I kinda found a way to use secrets as environment variables.

The following doc (https://cloud.google.com/sdk/gcloud/reference/run/deploy) states:

Specify secrets to mount or provide as environment variables. Keys starting with a forward slash '/' are mount paths. All other keys correspond to environment variables. The values associated with each of these should be in the form SECRET_NAME:KEY_IN_SECRET; you may omit the key within the secret to specify a mount of all keys within the secret. For example: '--update-secrets=/my/path=mysecret,ENV=othersecret:key.json' will create a volume with secret 'mysecret' and mount that volume at '/my/path'. Because no secret key was specified, all keys in 'mysecret' will be included. An environment variable named ENV will also be created whose value is the value of 'key.json' in 'othersecret'. At most one of these may be specified

Neuron answered 5/3, 2021 at 8:12 Comment(3)
Unfortunately, that only seems to work for Anthos: Running gcloud run deploy --help shows that option under the category: Only applicable if connecting to Cloud Run for Anthos deployed on Google Cloud or Cloud Run for Anthos deployed on VMware.
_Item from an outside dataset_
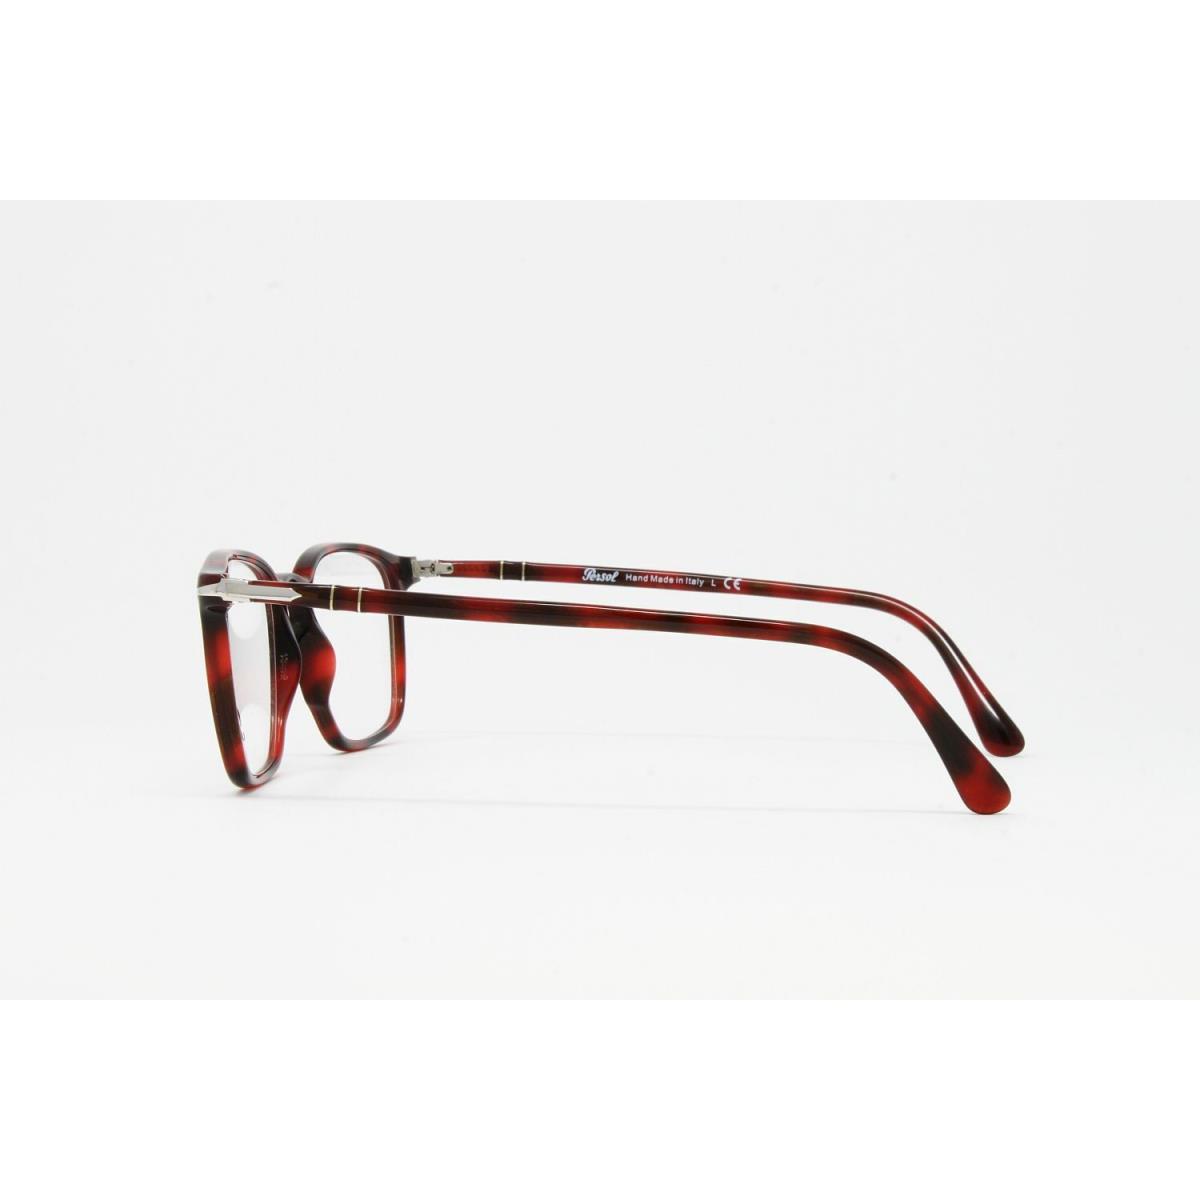 Persol eyeglasses Color - Red Frame 1

Specify --platform=gke or --platform=kubernetes to use:Mccloskey
It really is a disgrace that Google is making it so painful to access those secrets. It wouldn't kill them to provide a gcloud run deploy option that simply makes all secrets in my project available as environment variables of the same name.Mccloskey
As of yesterday, you can now read secrets as environment variables in managed (non-Anthos) Cloud Run as well. Find the details at cloud.google.com/run/docs/configuring/secretsCrites
M
0

Here is a snippet of Java code to get all secrets of your Cloud Run project. It requires the com.google.cloud/google-cloud-secretmanager artifact.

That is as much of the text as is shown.